A few months back, I read William Dalrymple’s latest book, “The Golden Road – How Ancient India Transformed the World”. It is a history of the trade routes that linked a civilisation’s wealth and wisdom to the world beyond. Like all of Dalrymple’s books, it is an excellent read and it can serve as an important backdrop to understanding current debates about globalization, through the lens of history. The book covers a period that lasted from around 250 BC until roughly the eighth century CE, when India was globally connected to the known world, from China to Mediterranean, through trade routes. Indian goods flowed west and in certain periods, India was Rome’s largest trading partner. While trade was the primary function, it was also a conduit for ideas and culture. The influence of Indian art, religion and architecture can be found in Southeast Asia and one of the grandest Hindu monuments, Angkor Vat is located in Cambodia. Buddhism, which originated in India, travelled to China and other East Asian countries through the Silk Road. India’s influence can be seen in the sciences and especially in mathematics, where the ten-digit numeral system spread west through the Middle East to Europe. Reading the book, one cannot escape the implicit message of it being a globalized world, where goods and ideas flowed freely and this was a world that was open to trade, tolerant, scientific, creative, and universalist.

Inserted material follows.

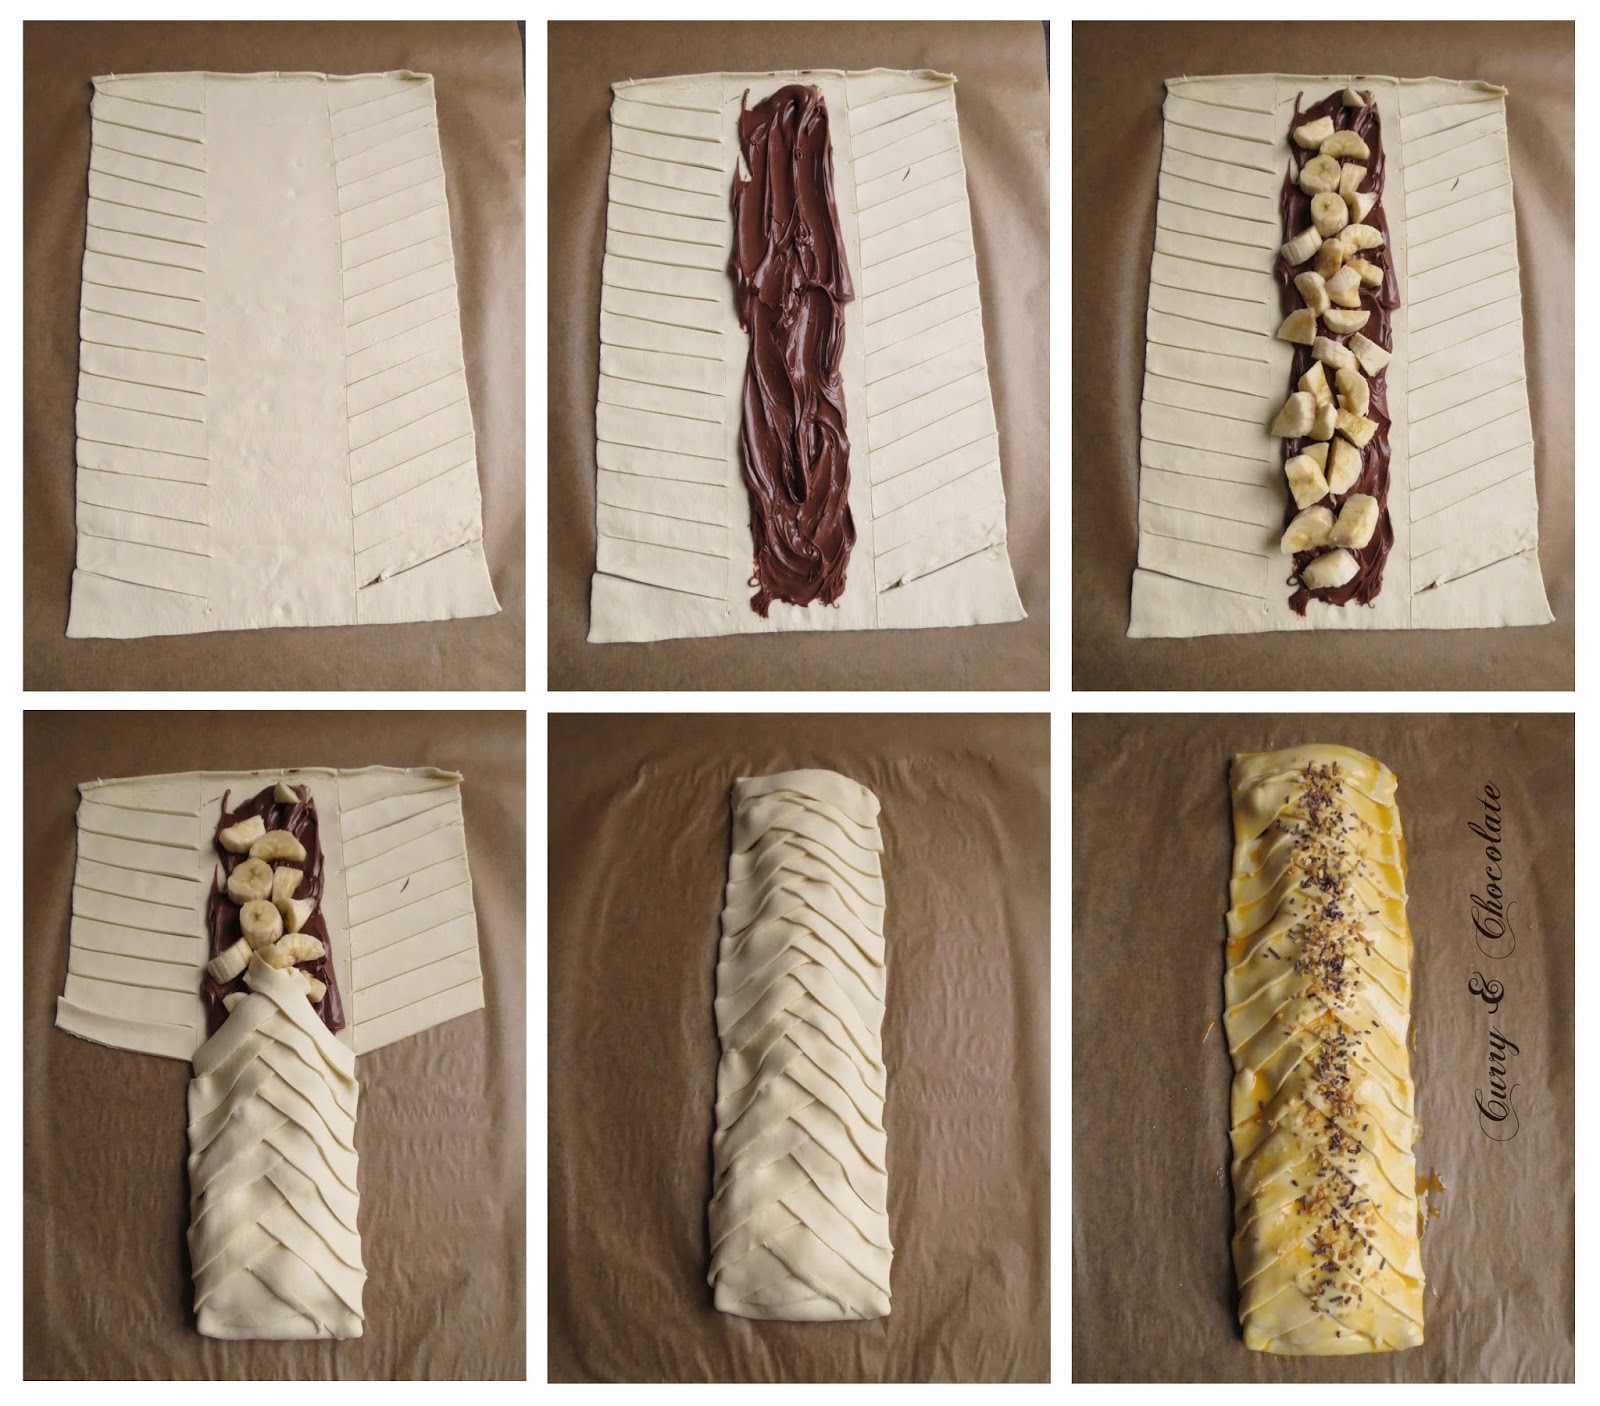 Trenza de Nutella y plátano – Nutella banana puff pastry braid

Cut to the present, a millennium and half later, we are seeing a rancorous debate about benefits and perils of globalization and free trade. The two poster boys of this debate are Apple and China, and the escalating rhetoric is about supply chains, technology and trust. I came across a very interesting book by Patrick McGee, published a few days earlier, “Apple in China – The Capture of the Worlds Greatest Company”, which ironically sums up what has transpired between the US and China over the past decade or so. McGee chronicles how Apple’s decades-long investment in China fuelled its spectacular success and, in turn, accelerated China’s rise as a technology superpower. What began as Steve Job’s search for a solution to scale the production of his new products, starting with iMac, the relationship stands at a crossroads today, with Apple looking for options to relocate their supply chains. This is also a story about China transforming its initial completive advantage of low wages into a high-tech workshop capable of high-end research, manufacturing and innovation. As Apple entrenched itself in China, it became beholden to the Communist Party and China’s decades long effort to gain technology superiority over the United States through knowledge transfer and best practices. Apple’s China strategy spawned a huge ecosystem of technology companies, including brands like BYD, which began as an Apple contractor assembling iPads, and is now building cutting-edge electric cars. Huawei, an Apple competitor that benefited from Apple’s decades long China strategy, is leapfrogging Apple in design and technology. Over the decades, Apple estimates it has trained 28 million workers, more than California’s entire labour force, contributing to China’s path to being a hi-tech superpower. The book essentially highlights the interdependencies of today’s hyper globalized world and the Geopolitical realities that can pose existential risks to any company.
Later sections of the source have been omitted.